More generally, as human capital becomes more important, I am sure we will see many more innovations in corporate organizational form, aimed at reducing the tension between owners of human capital and the owners of physical capital. These innovations will be particularly important in India, where the service economy is so vibrant. While there is much to learn from Western forms of organization, there is no reason why Eastern forms of business, some created by you students, should not emerge.

It is time for me to close. While I have offered some examples of how shareholder value maximization can be a useful guide for managerial behavior, I have also suggested that much depends on how it is practiced. There is a more general point here. The rules suggested by management theory cannot blindly be applied, as one would a cookbook recipe. As we have seen, it is not always clear where shareholder value lies and what decisions benefit it. Often, the situations in which decisions are made are neither easy to analyze nor remotely similar to anything in one's experience. This is why the best management schools - such as IIM Ahmedabad -- teach you not what to think but how to think.
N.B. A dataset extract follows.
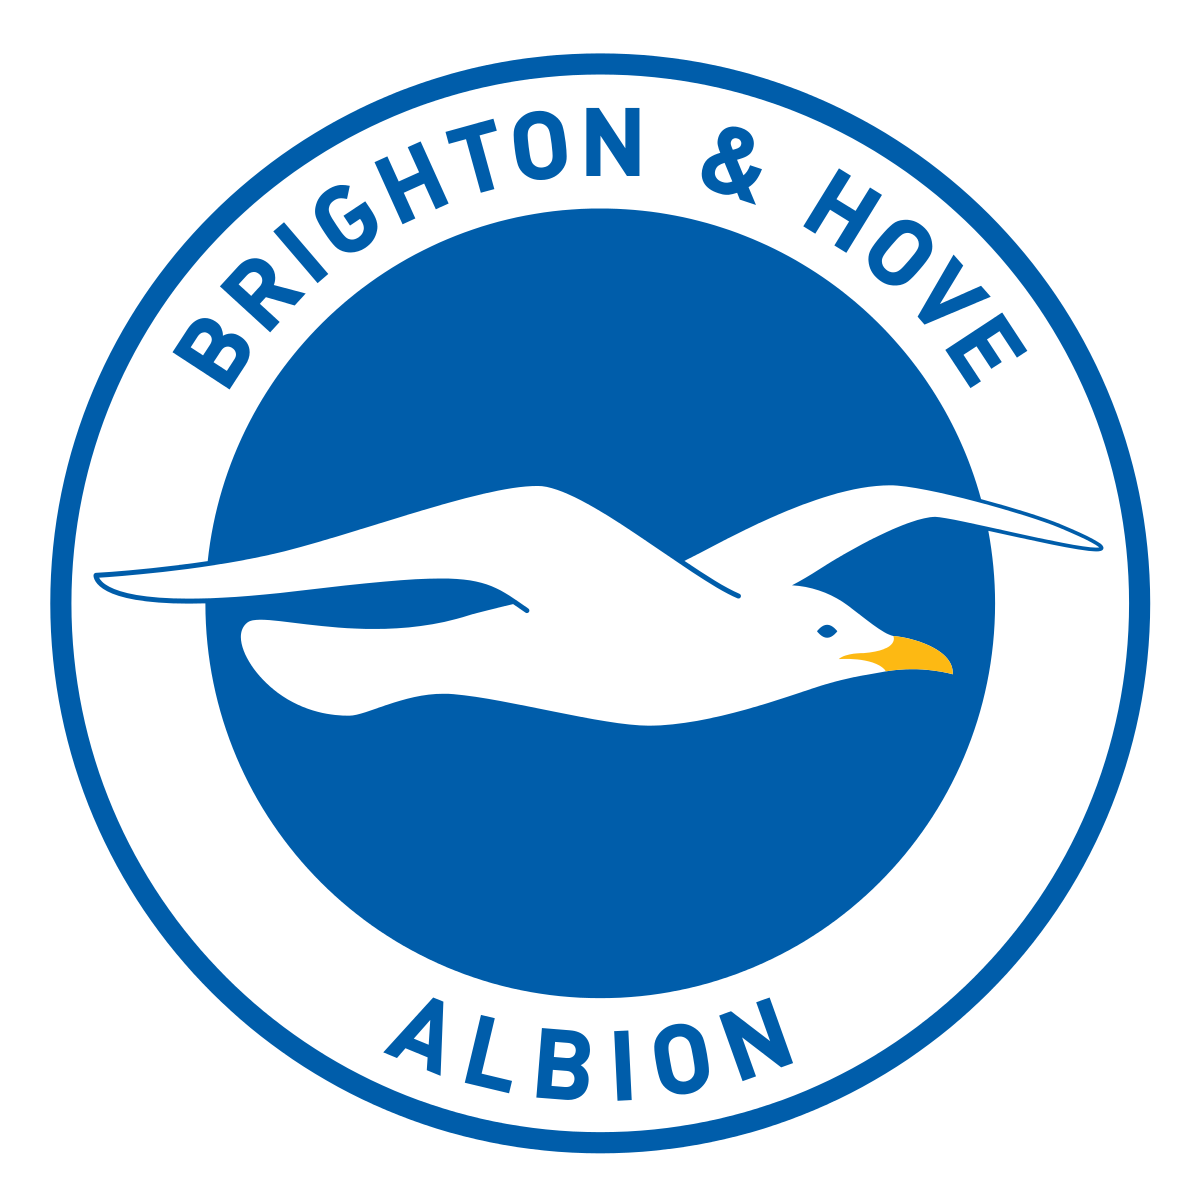 Brighton & Hove Albion FC Brand Logo

There is, however, a second point. And that is when we reach the limits of analysis, management decisions have to be guided by an inner sense of what is right. This inner sense -- your moral compass or conscience -- cannot really be taught. In the final analysis, it is this that makes the difference between merely a competent manager and a great manager. I am sure all of you have the elements of that inner sense within you, you only have to make sure you nurture it and never allow it to be suppressed simply because you want to get ahead.

In conclusion, you are embarking on a most exciting journey. The world out there is fiercely competitive, but you should have no fear. You have been tempered by one of the most rigorous programs in the world and are now ready to show your mettle. Congratulations to all the graduating students, good luck, and may you fulfill your dreams. Thank you all.


1 "Bad Management Theories are Destroying Good Management Practice", Academy of Management Learning and Education, 2005, vol. 4, no 1, 75-91.